WHITE AMERICANS delight in blaming their quick-to-burn skin on their Swedish heritage, or proclaiming their Scottish allegiance via a Celtic knot bumper sticker—but when it comes to the forces that really influence our lives, the more salient cultural fact is that your parents and grandparents are from Lansing. Our patchwork country doesn't need a Great American novel; it needs 1,000 great regional novels, documenting the cultural microcosms within our ridiculously outsized borders. With Truth Like the Sun, Jim Lynch has written one of them.

Truth is concerned with two pivotal periods in Seattle's history: The World's Fair in 1962, and the dotcom bubble that burst in 2000. Between these two real-world anchors, Lynch strings the tale of the fictional civic booster Roger Morgan, credited with bringing the World's Fair to fruition, and of a young reporter, Helen Gulanos, who begins investigating Morgan in 2001, when, at age 70, he unexpectedly decides to run for mayor.

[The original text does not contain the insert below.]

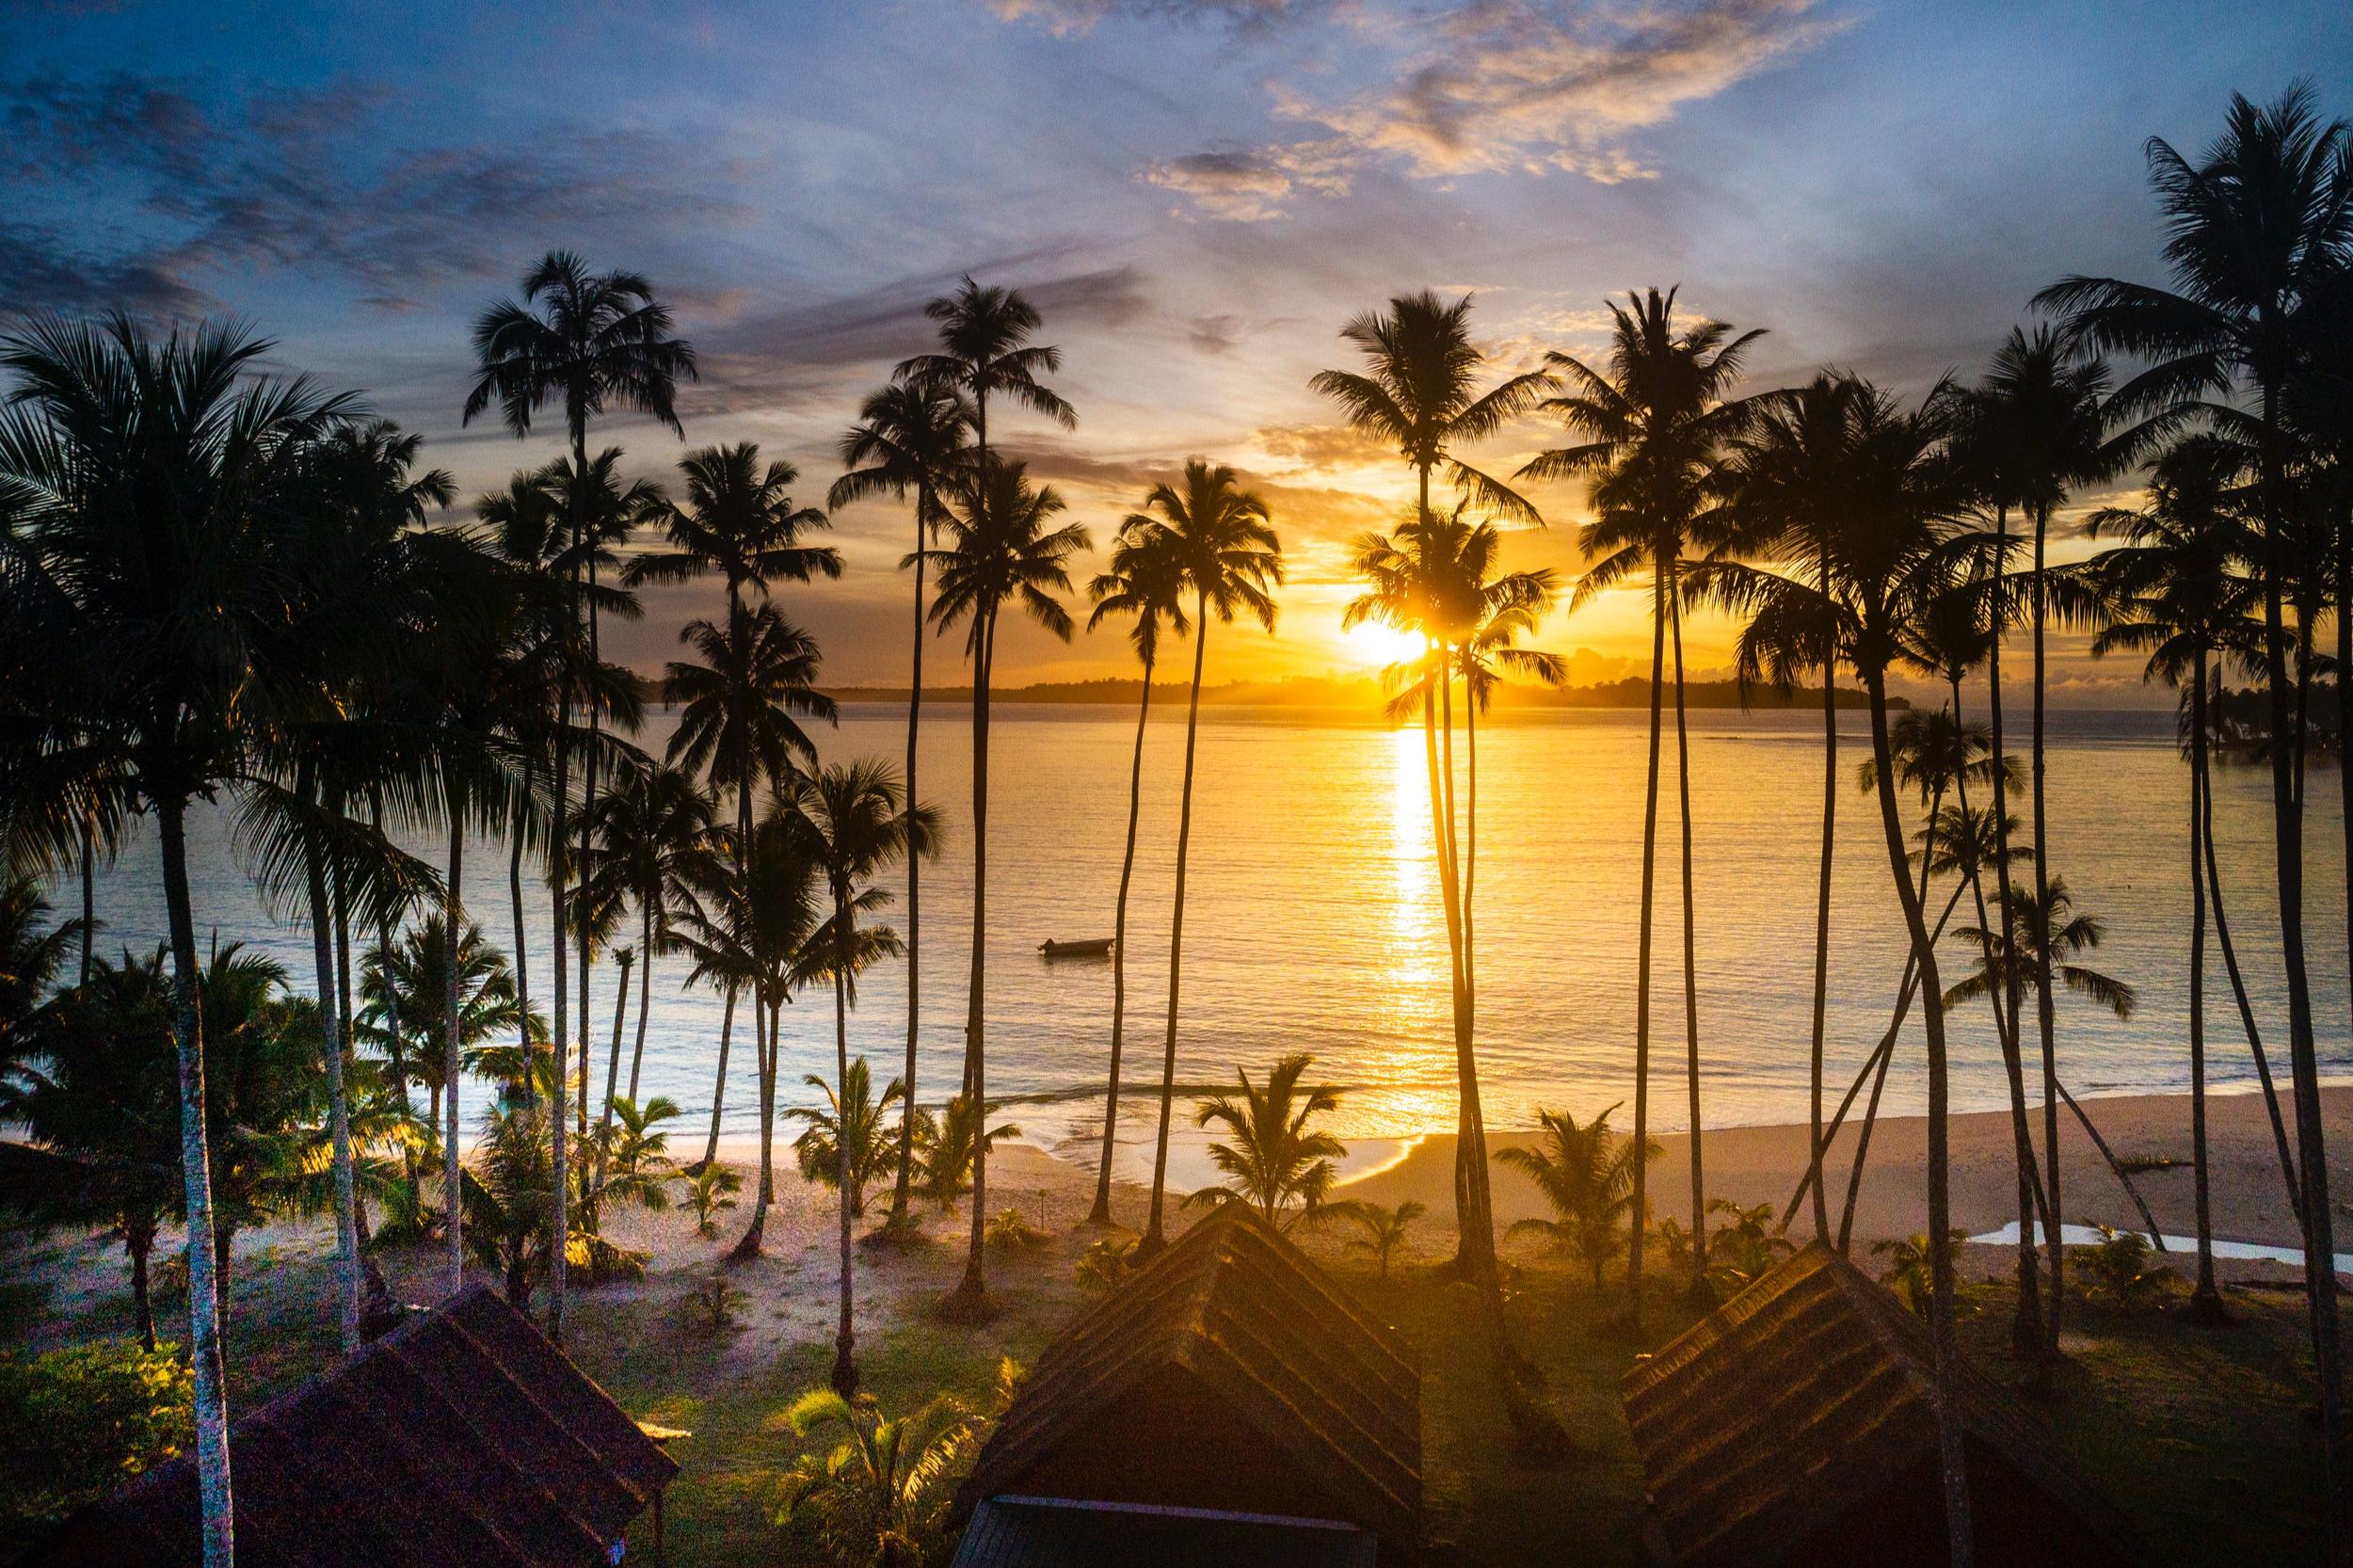 Southern Telo - Indonesia

In Lynch's telling, Seattle in 1962 is a town desperate to wear big-kid pants, straining to shed a reputation for provincialism and to embody instead a new age of technology-driven progress—where tomorrow is better, where the high-tech planes built at Boeing make the George Jetson dream of a 15-minute workday seem not so improbable after all. But there's an edge of mania to this optimism about technology; the Cuban Missile Crisis is just around the corner.

Fast forward to 2001, where Helen Gulanos is a hungry young reporter looking for the story that'll make her career. She thinks she's found it in a planned series about the rise and fall of a start-up website, from which she plans to consider the dotcom era's boom and bust—but she soon stumbles on the bigger story of Morgan's mayoral candidacy, and devotes herself to unearthing the secrets that this life-long force in Seattle politics (he's known as "Mr. Seattle") must certainly have.

Lynch populates 1962 Seattle with celebrity cameos, seedy backroom gambling, and plenty of champagne and cigarettes—but these fun, old-timey notes are balanced with a pointed throughline examining how the complexities of Morgan's life and personality are flattened to suit the needs of a newspaper story. The real subject of Lynch's excellent novel, though, is Seattle itself: Reaching toward the future in 1962, and reeling from it, in 2001.